Дверь в комнату матери всегда открыта. Стою у порога и смотрю на неё. Она спит. Подошёл к окну. Опустил жалюзи. В комнате становится темно. Сажусь на кровать. Смотрю на её лицо. Веки вовсе не закрыты, а полуприкрыты. Это меня настораживает. Тихо зову её, но она не отвечает. Машу перед глазами… никакой реакции. Вытянув два пальца, я проверяю пульс на шее. Он отсутствует. Трогаю правое запястье и ощущаю ту же тишину. Признаться, я не доктор, но… её лицо… Да нет, наверное, я сделал что-то не так. Кладу руку на сердце. Оно не бьётся.
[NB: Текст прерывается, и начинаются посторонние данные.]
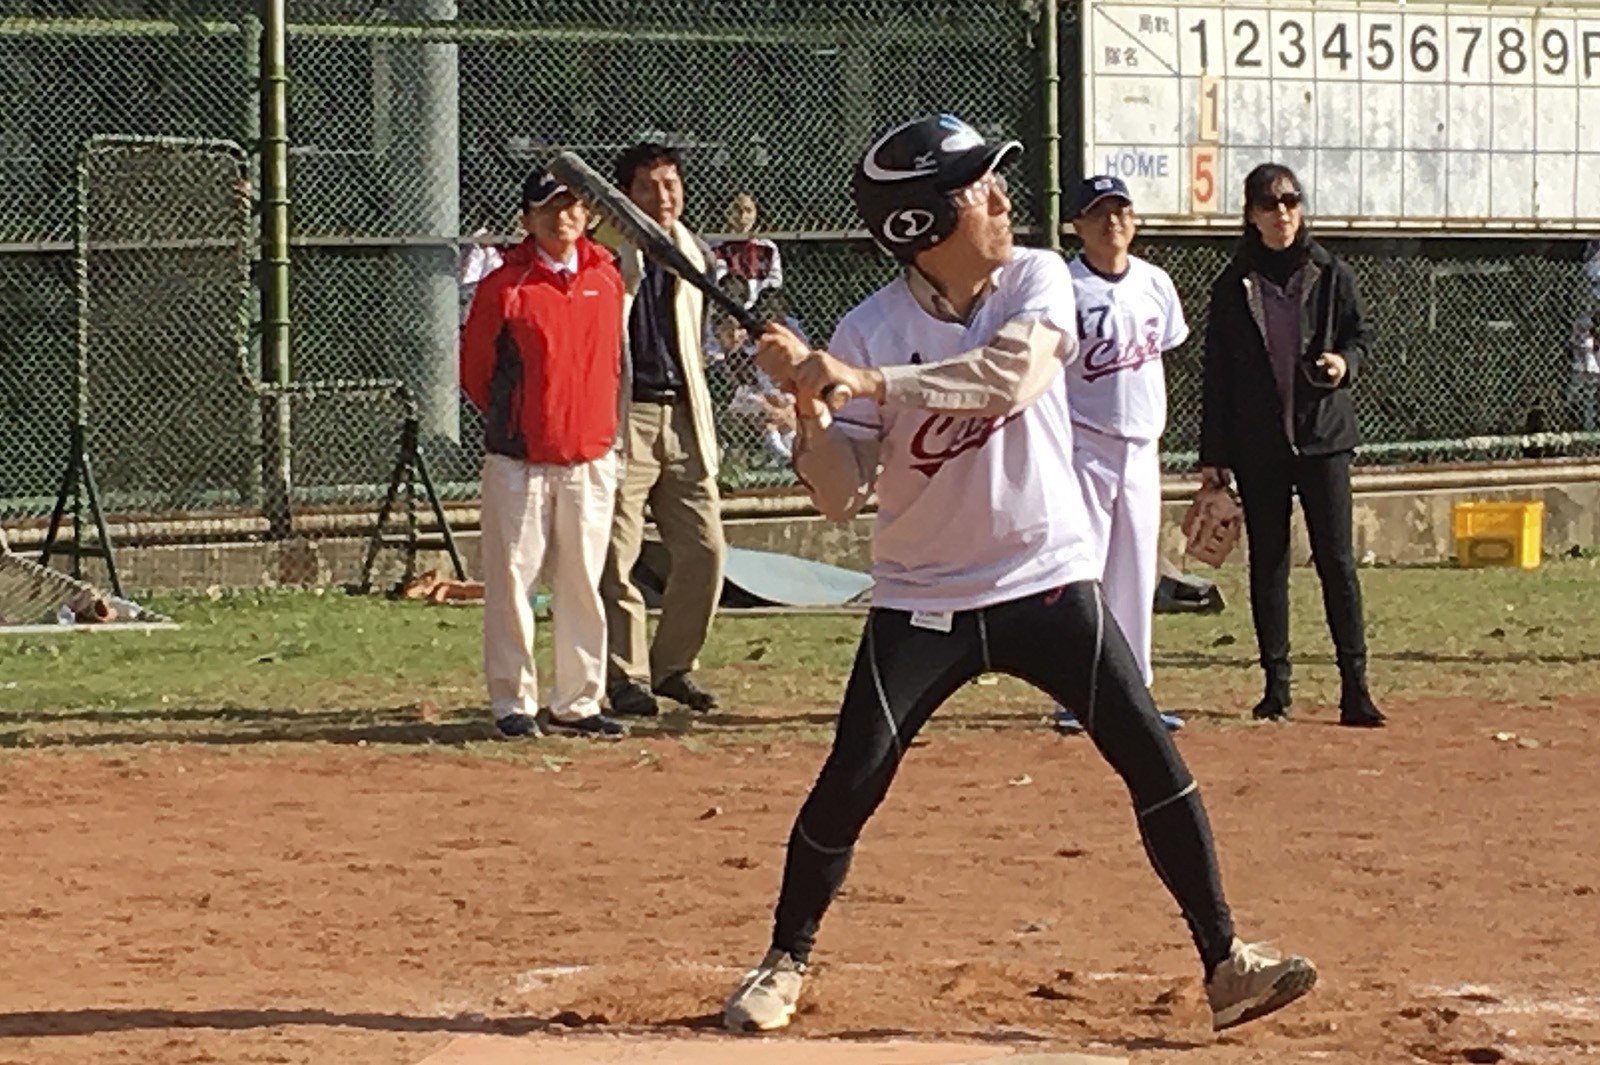 President Kuo shows his batting skills.

Склонившись над головой, правым ухом слушаю дыхание. Его нет… Я открываю её веки и вижу в глазах пустоту. Закрыв их двумя пальцами, я смотрю в пол и вижу там сияющую пропасть мрака.
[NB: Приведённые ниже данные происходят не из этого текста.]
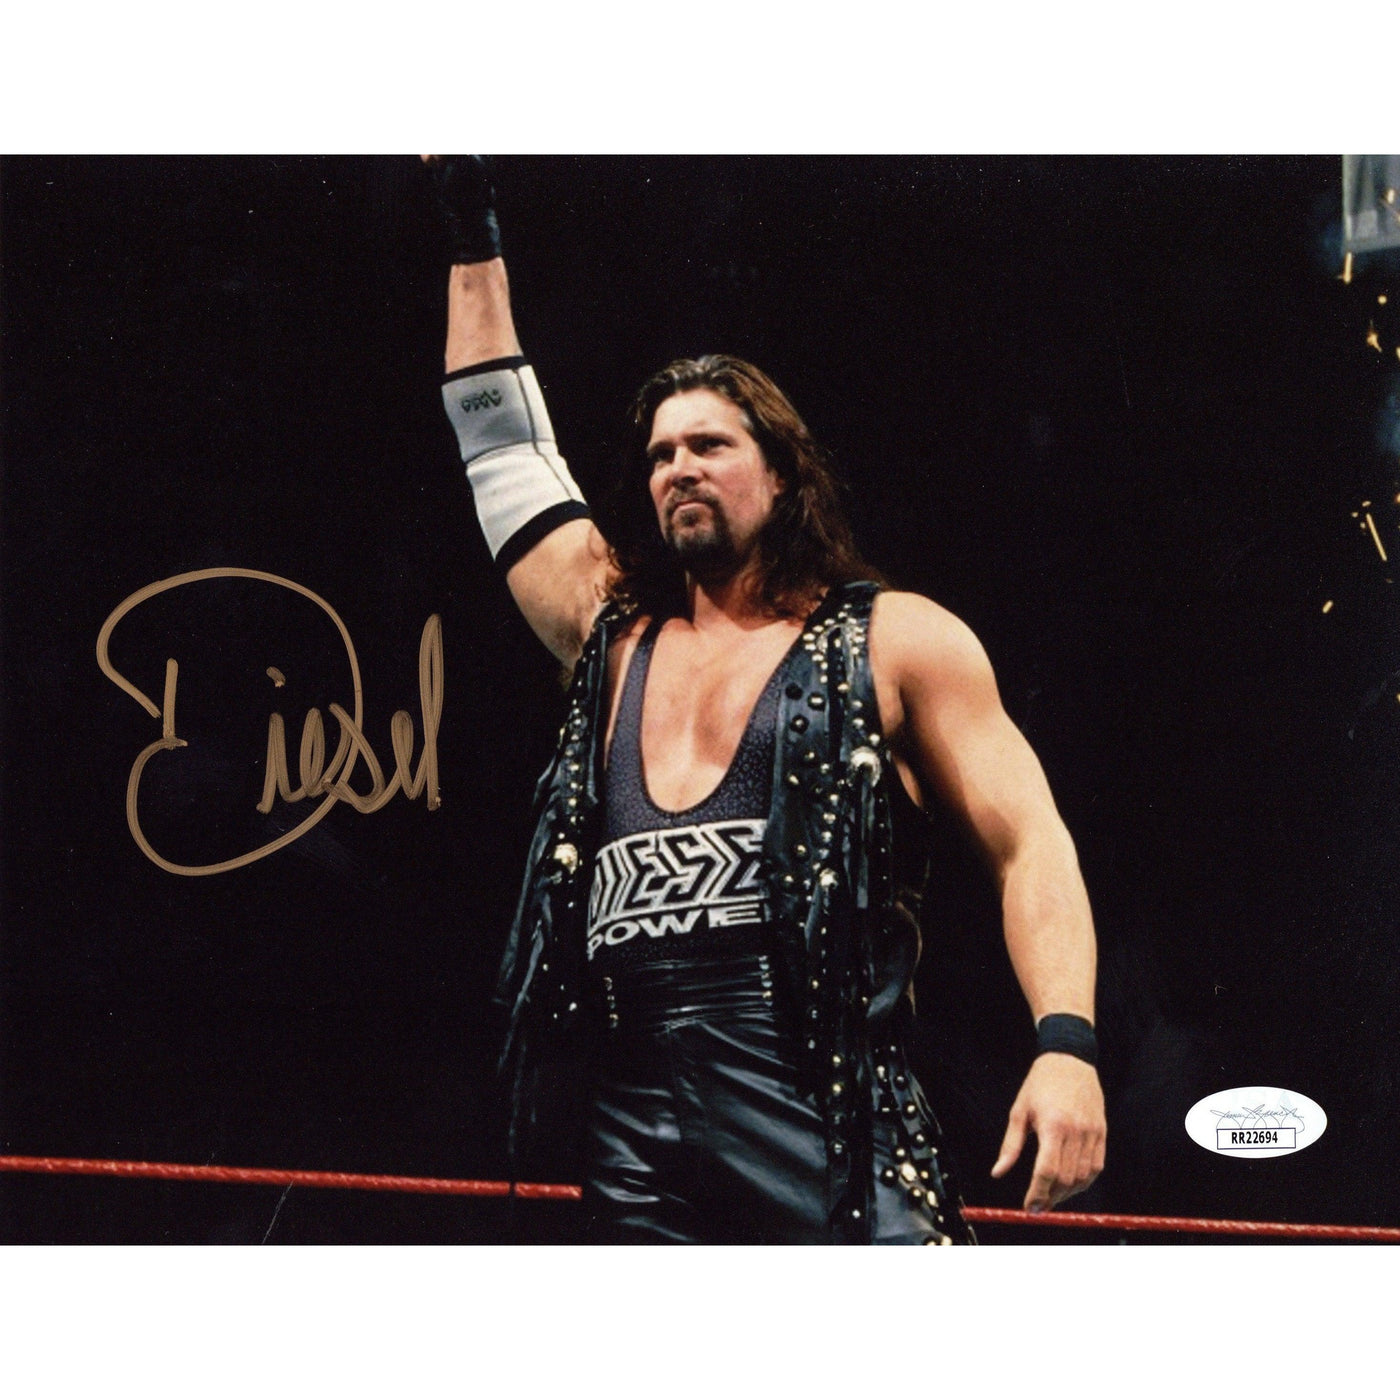 Kevin Nash Signed 8x10 Photo WWE WWF Diesel Autographed JSA COA 2

Сегодня понедельник, двенадцатое июня. Время смерти – девять минут восьмого. И я понимаю, что этот день я никогда не забуду… День, когда умерла моя мама.
Сев на пол, я осознаю, что это тот самый день, к которому меня готовили всю мою долгую жизнь. Я понимаю, что сегодня точно не пойду на работу.
Умереть в свой день рождения, пожалуй, самая страшная насмешка, от судьбы.
Встав и покинув комнату матери, я вышел из дома. Сев на ступеньки у порога, закурил, думая о том, что не хочу вызывать скорую помощь и полицию. Не хочу звонить на работу и говорить начальнику, почему же я всё-таки не вышел сегодня на работу. Вообще не хочу, чтобы об этом кто-то узнал. Я просто никому и ни о чём не хочу говорить. Пусть всё идёт своим чередом. Как будто ничего и не было.
Докуриваю сигарету. Иду в дом. Сажусь на кровать в своей комнате и смотрю на книжный шкаф, в окно, на письменный стол – куда угодно, лишь бы отвлечься.
Над землёй встали грозные тучи.
Встаю с кровати. Иду в комнату матери. Пересекая коридор, смотрю в окно. Мысли колышутся, как листва на дереве. Бросив себе под ноги смутный и тяжёлый взгляд, я сбавляю шаг и начинаю идти медленно. Мои шаги подобны цапле. Спешить в комнату матери мне почему-то не хочется.
Я так и не понял, в чём точно заключается моё промедление, но на пороге спальни всё же оказался довольно быстро.
Рядом с окном стоит мольберт. На холсте изображены незаконченные черты человека.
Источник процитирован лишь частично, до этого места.